There is quite the gulf between now and then, being quite close to opposite extremes. Just because divorce is so easy as to cause severe social problems now, does not mean having a tiny virtually immutable number of reasons that have nothing to do with health save for sterility is fine.

1. 1932 is the modern era. not medieval times
Note that this is after women's suffrage. Do you seriously think the culture was less restrictive in previous decades?

2. "fired" is not arrested.
That's ATP's argument, not mine.

3. explicitly does not specify wife according to you. Just that only 1 person per household can work for the govt directly.
Only narrowly left out, due to pressure from relatively-recently voting women.

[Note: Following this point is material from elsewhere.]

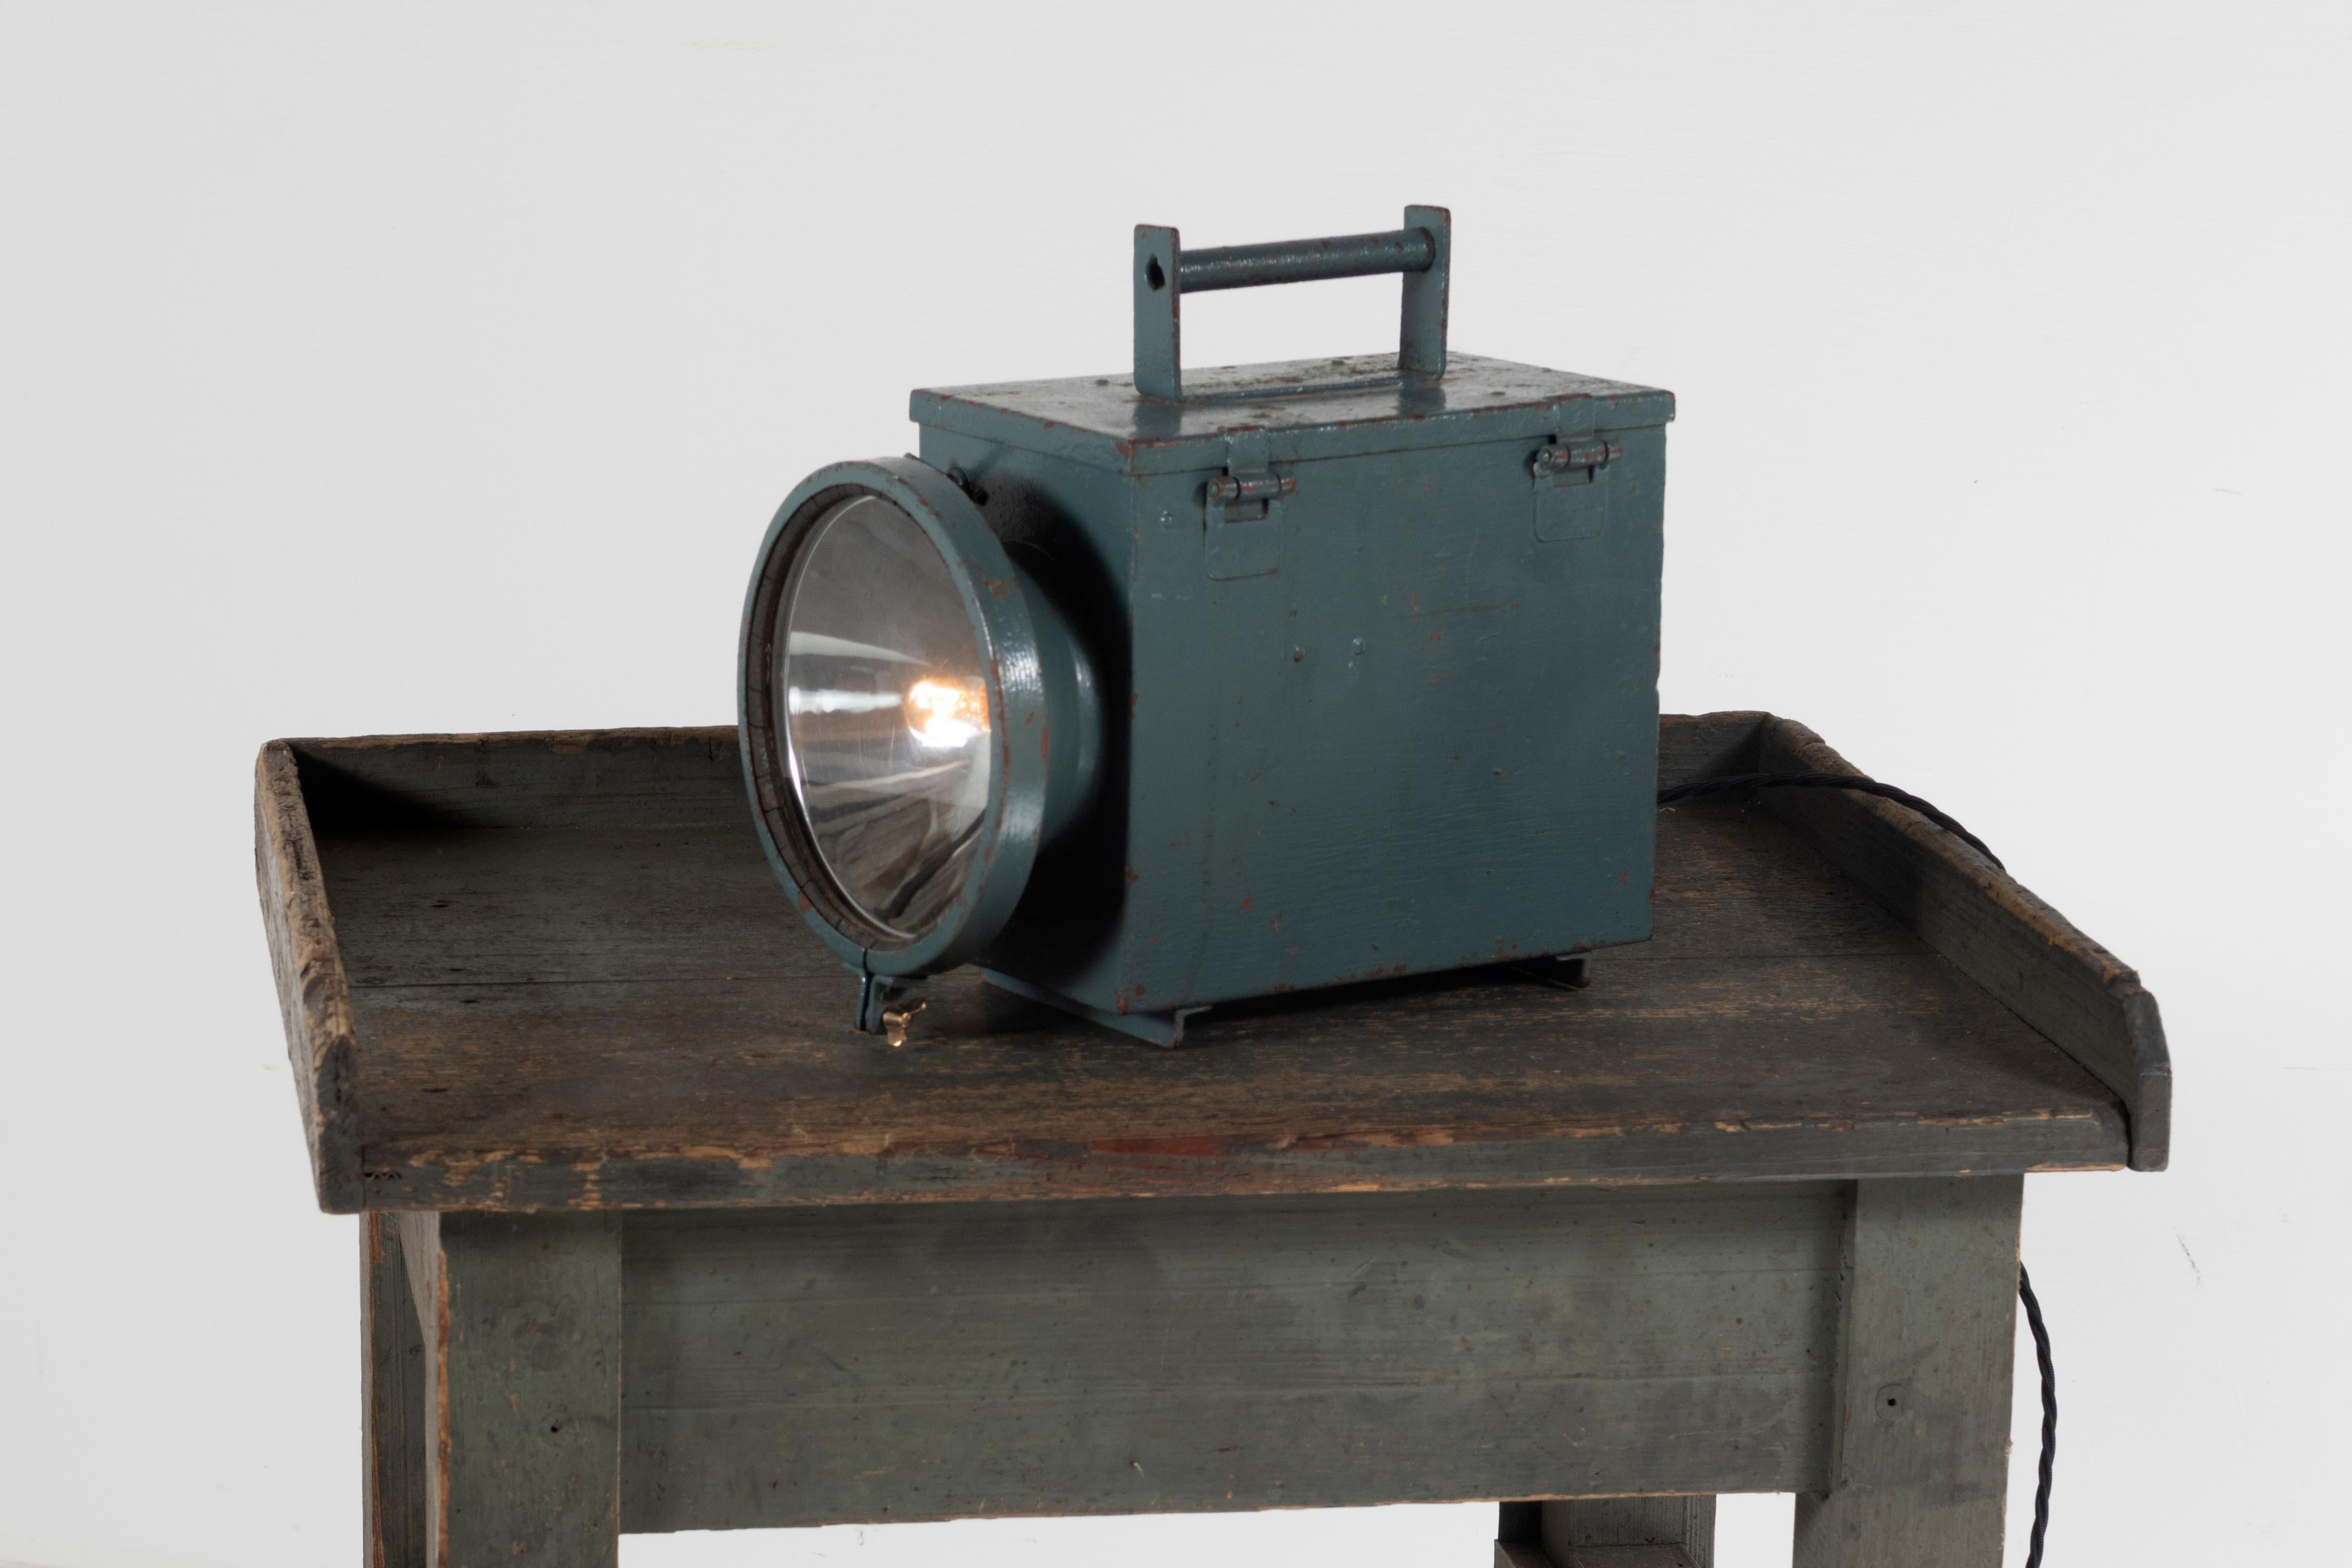 An old industrial battery torch light, probably a military lamp. In a great colour and now fully re-wired. The original battery lamp retains its original makers mark G.E.C. General Electric Company and from the label, this can be dated to circa

4. "work for the govt" specifically which is not "forced to be housewives". They are allowed to start their own business or work for any private organization. they are allowed to work for the govt too. the rule was just "only 1 spouse per household works for govt".
It was introduced intending to be kicking wives out to draw down the budget, then later revised to be de jure sex indiscriminate, then repealed over its de facto sex discrimination despite the late-stage de jure change.
 

Yinko

Well-known member
Hence the shenanigans of Henry the Eighth
You can't really use the behavior of monarchs as a metric for culture. Monarchs, like celebrities, push the boundaries of polite society to the breaking point in whatever area they find themselves ensnared. Using Henry IIX as a core example is like saying that any random merchant or blacksmith could lop off his wife's head for not producing a son, which simply isn't true. It's not like the formation of the Church of England was a simple and easy process either, it caused centuries of bloodshed.
 

Morphic Tide

Well-known member
Monarchs, like celebrities, push the boundaries of polite society to the breaking point in whatever area they find themselves ensnared.
Hence him being the example? Polite society at the time found incestuous adultery not sufficiently infringing on a marriage to be grounds for divorce, meaning he needed to show a separate scripturally-backed reason for annulment of the marriage he had already passed a death sentence on the other participants of.
 

Yinko

Well-known member
Polite society at the time found incestuous adultery not sufficiently infringing on a marriage to be grounds for divorce
Well, there are two interpretations of that. The first, what most would think, is that the Pope viewed such accusations as fallacious. The second, that "it's only adultery if it's vaginal", was quite a common notion until industrial times. The faster spread of information caused by newspaper and radio made such practices less common and acceptable. I would talk more about that, but it borders on the pornographic, and I can't recall where I read about it so I can't provide sources at the moment.